Le panorama actuel des solutions de sauvegarde pour Proxmox VE

Proxmox a longtemps porté l’étiquette d’« alternative open source à VMware ». Plus maintenant. Les bilans 2025 de Proxmox Server Solutions GmbH, déposés au registre du commerce autrichien, racontent l’histoire d’une société qui a quasiment quadruplé ses actifs en deux ans. Mais avant de reprendre le slogan qui circule en ce moment dans les forums sysadmin, « Proxmox facture 50 millions de dollars et croît de 200 % par an », il faut séparer ce que les chiffres montrent vraiment de ce qu’ils suggèrent.

La phrase capture l’humeur du moment, certes, mais elle force le trait. Les documents publics, compilés par free-pmx.org, sont des bilans abrégés : ils dévoilent les actifs, les capitaux propres, la trésorerie, l’effectif. Ils ne contiennent pas de compte de résultats détaillé avec chiffre d’affaires, marge brute ou EBITDA. Affirmer que Proxmox VE facture 50 M$ par an, sur cette seule base, n’est donc pas étayé.
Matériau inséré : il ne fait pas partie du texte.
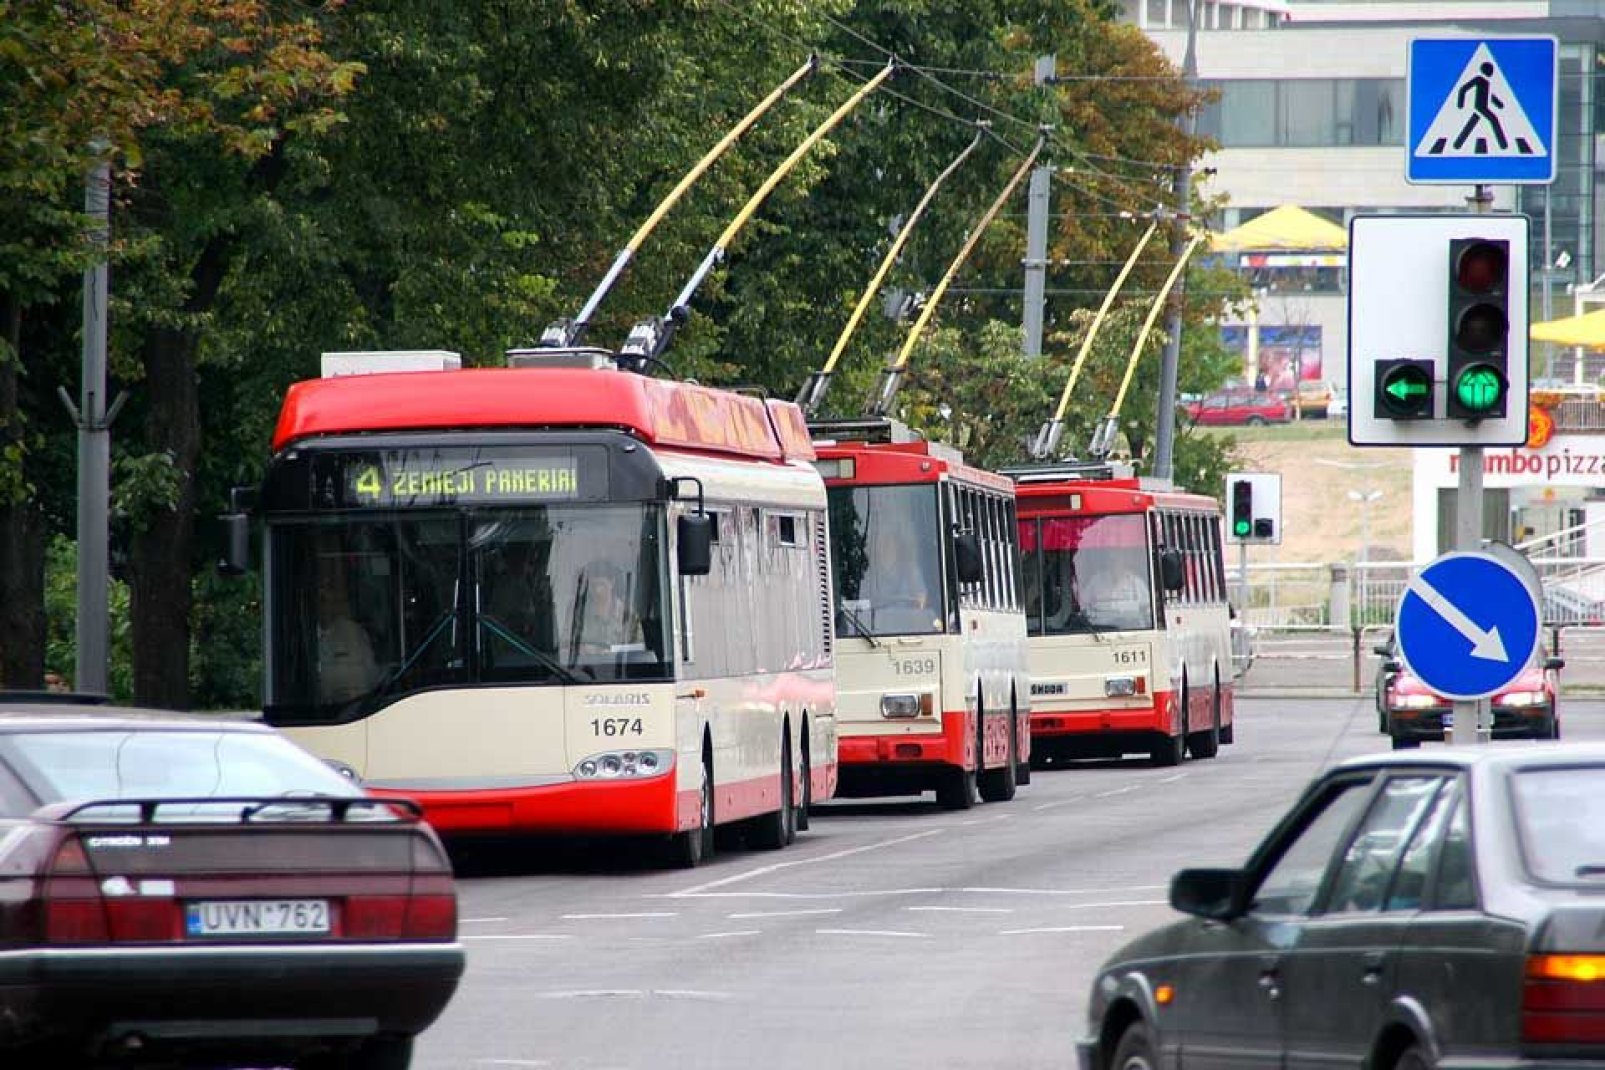 Auch wenn Bus und Straenbahn oft berfllt sind, so bietet Vilnius doch sehr praktische ffentliche Verkehrsverbindungen.

Ce que disent vraiment les bilans de Proxmox

Les chiffres bruts parlent d’eux-mêmes. En 2025, Proxmox Server Solutions GmbH affiche 44,1 millions d’euros d’actifs totaux, contre 25,4 M€ en 2024 et 11,5 M€ en 2023. La société a presque quadruplé sa taille en deux exercices. Les capitaux propres suivent la même pente : 6,2 M€ en 2023, 13,9 M€ en 2024, puis 24,9 M€ en 2025.

Le bénéfice cumulé au bilan grimpe à 24,9 M€ fin 2025. La trésorerie passe de 2,3 M€ à 9 M€ en un an, et les placements financiers atteignent 28,4 M€, contre 7,1 M€ deux ans plus tôt. Pour un éditeur de logiciels avec 41 employés en 2025 (27 deux ans plus tôt), c’est une santé financière qu’on ne croise pas tous les jours.

ExerciceActifs totauxCapitaux propresBénéfice de bilanTrésorerie
202311,5 M€6,2 M€6,1 M€1,9 M€
202425,4 M€13,9 M€13,9 M€2,3 M€
202544,1 M€24,9 M€24,9 M€9,0 M€

Lecture la plus prudente : Proxmox ne publie pas son chiffre d’affaires dans ces documents, mais le bilan dessine une société rentable, liquide, sans dette inquiétante, et dont le patrimoine grossit chaque année. L’effectif suit. On est loin d’une multinationale, mais aussi loin d’un projet communautaire bénévole sans armature commerciale.

Une ligne attire l’œil : les passifs différés. Ils passent de 4,9 M€ en 2023 à 15,2 M€ en 2025. Sur un éditeur qui vend du support sous abonnement, c’est typiquement le signe de revenus encaissés à l’avance et constatés au fil de la prestation. Le bilan seul ne permet pas de reconstituer le détail commercial, mais cette ligne donne une indication sur le modèle de souscription.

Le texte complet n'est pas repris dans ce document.